I run a server that could easily handle 10TB of traffic monthly, but I get much less traffic than that from the pool.
So I was trying to determine where all the other traffic went, and it seems a very large part of it goes to time.cloudflare.com (at least for the zone NL). Like they have a larger share than “normal” people in the pool.
I think this is a bit strange. I expected the pool to consist of volunteers that do this as a hobby. But if instead NNTPPool just forwards most queries to big companies like Cloudflare, Google, etc. What incentive will be left for people to choose the pools addresses, instead of directly using “time.cloudflare.com”?
Is there any reason why the pool prefers large commerical companies instead of the volunteers? If it was only for zones where there was a shortage of volunteers, then it would make sense.
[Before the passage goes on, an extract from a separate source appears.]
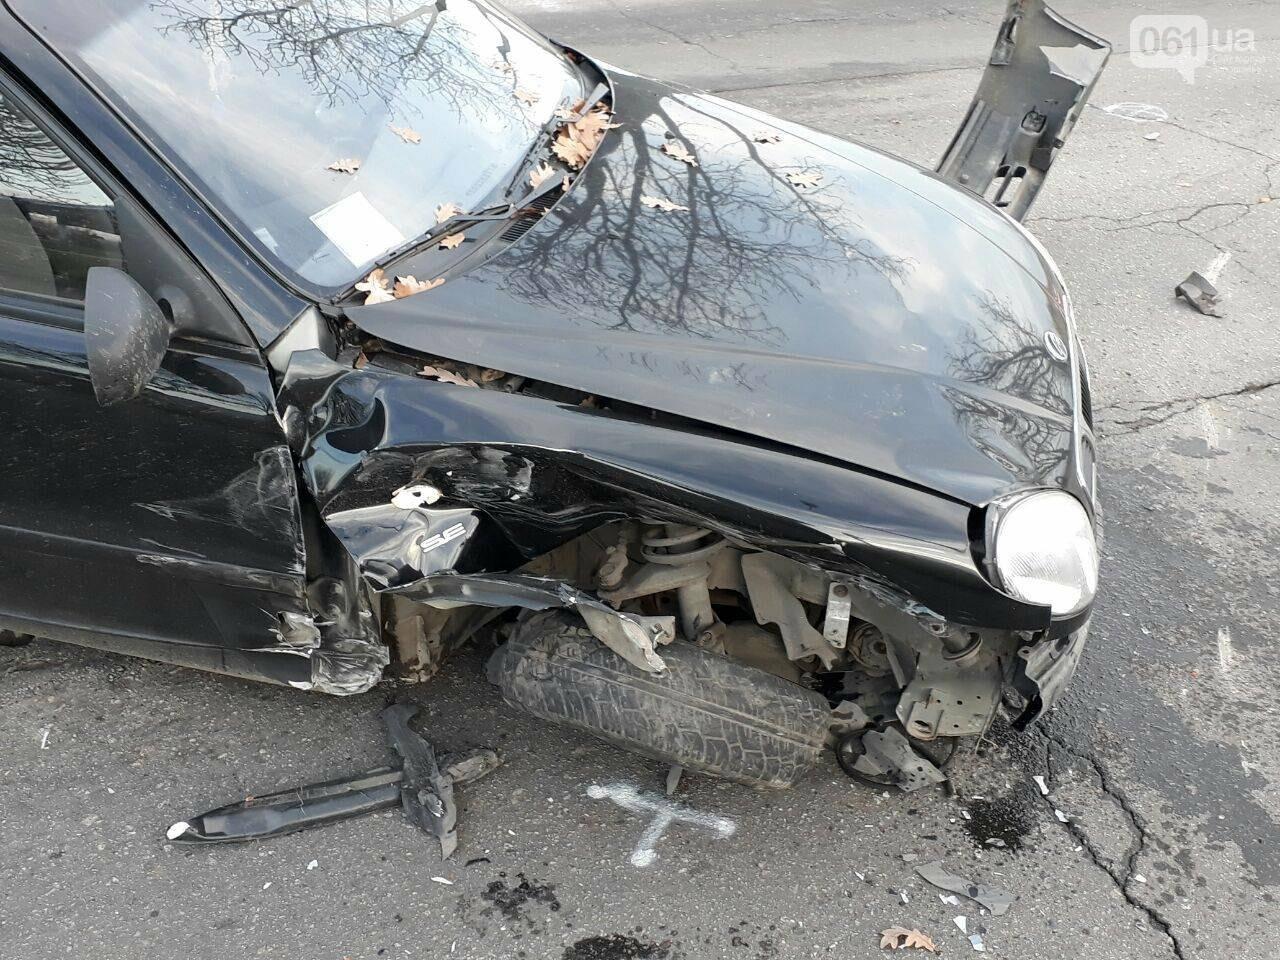 В Запорожье столкнулись два авто: у машин серьезные повреждения - ФОТО, фото-2

I think it’s a limitation of the system that there is only one global speed per IP address instead of having zone-specific speeds and the reason for giving the Cloudflare servers higher speed (2 Gb) is to help more in the underserved zones. If the system allowed zone-specific speeds, it would make sense to decrease their share in the well served zones.
One way to get a bigger share of the pool traffic is to add multiple addresses of the server. In some old deduplication tests I saw one server having 7 IPv4 addresses in the pool.
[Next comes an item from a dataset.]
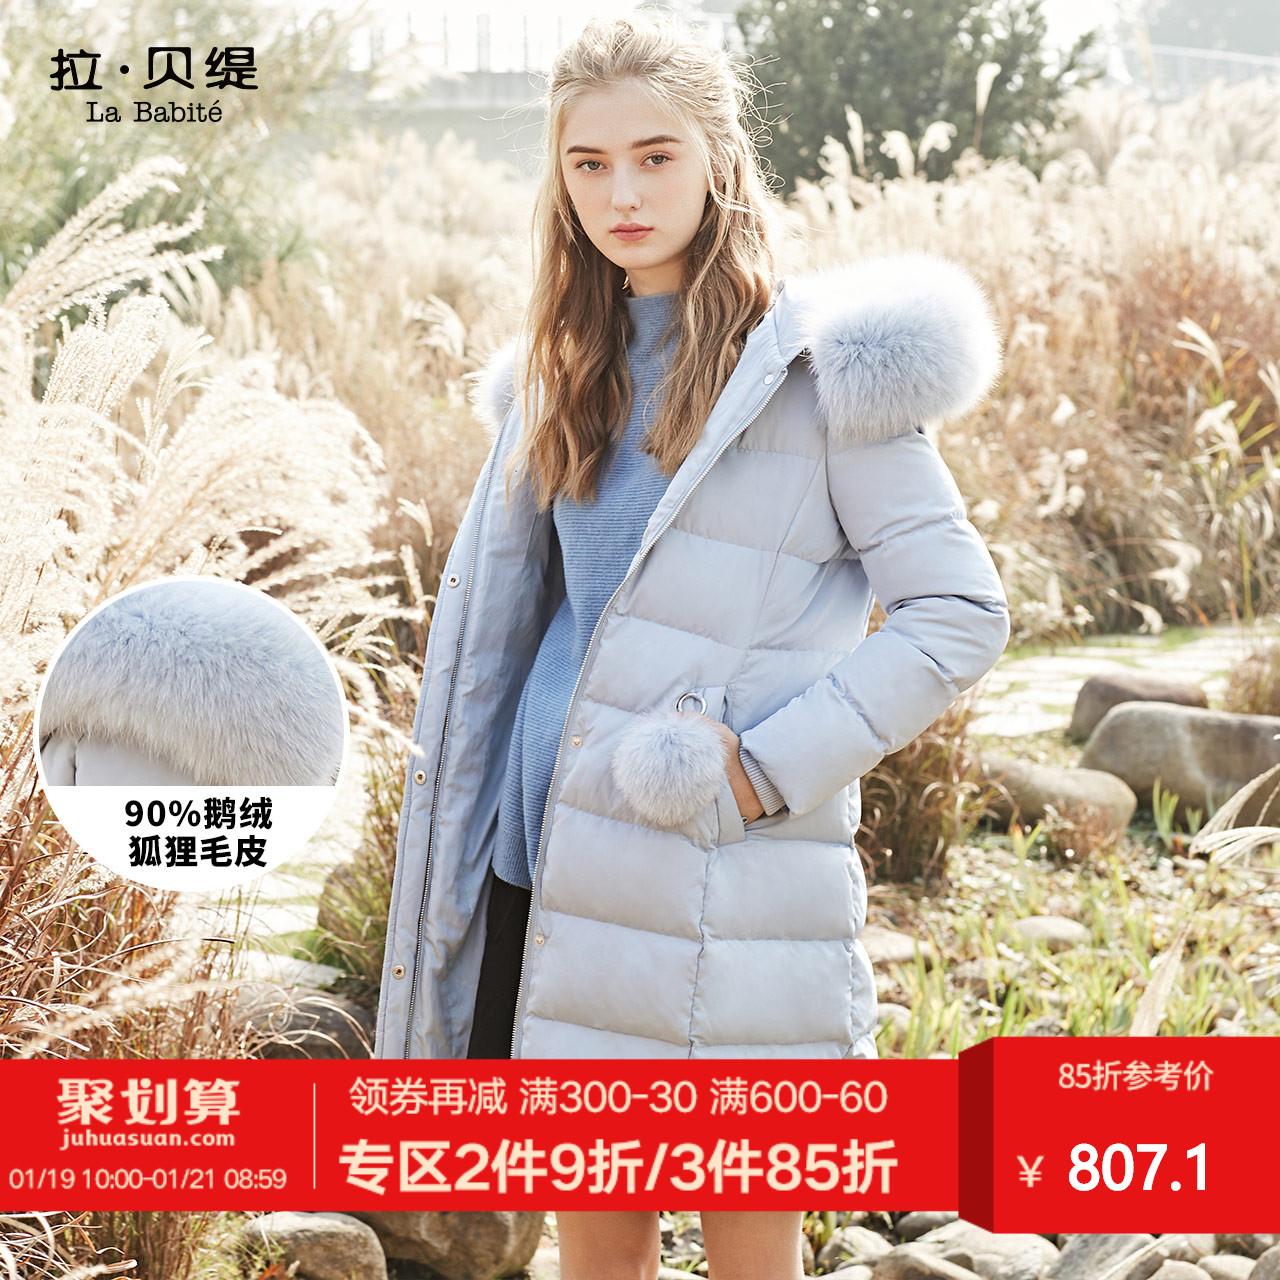 中长款羽绒服拉夏贝尔2018新款女装冬季流行时尚鹅绒外套狐狸毛领

Strange, I thought the purpose of the pool was to aggregate NTP servers for public use behind a fixed single (or small number of) DNS domain names that can be burned into embedded devices and never managed by end users. If Cloudflare and Google can handle most of the pool’s traffic then that’s a good thing: it means less load on the other volunteers to achieve the end goal.
Who says Google and Cloudflare aren’t just a scaled up version of volunteering as a hobby? Do they get revenue from NTP packets? Is NTP a profit-making business for them? It’s more likely that public NTP service is a tiny cost compared to overheads they were already paying to run private NTP service for their own use.
Why do you want more than your share of NTP traffic? Do you get revenue from NTP packets?
10TB/month is about 33 mbits. 4gbit would be 1265 TB/month, which would put small volunteers on metered hosting offline in a matter of hours. Not something we want to enable on a web form where users can click the wrong button or typo an IP address. Better to have volunteers with exceptionally large pipes contact the project for a special exception to the bandwidth cap, or work around it by adding multiple IP addresses.
Clients should still use pool.ntp.org because even Google and Cloudflare have outages and limits to their reach. A client could also get time from Cloudflare and Google, because pool.ntp.org has outages and limits to its reach. A client using Cloudflare and Google directly would have to manage its list of server pools itself. If Cloudflare decided one day that NTP was too much hassle and turned their servers off, a directly configured client would need to change its config, while a client configured to use pool.ntp.org would be trivially redirected to remaining servers in the pool as the Cloudflare servers went dark.
It does harm pool diversity to send most of the traffic to a handful of entities (especially if Google does leap-second smearing or publishes incorrect time for some other reason on all their servers at once) but there’s no reason to exclude well-behaved consenting NTP servers of any size. The pool normally sends out 4 IP addresses per DNS query, and it could ensure that each IP in the response has a different server operator to keep diversity up (though I don’t know if it does do that).
I hope no one adds extra IP addresses to the Pool, whether it’s to help by accepting a greater burden of traffic, or for for less benign reasons.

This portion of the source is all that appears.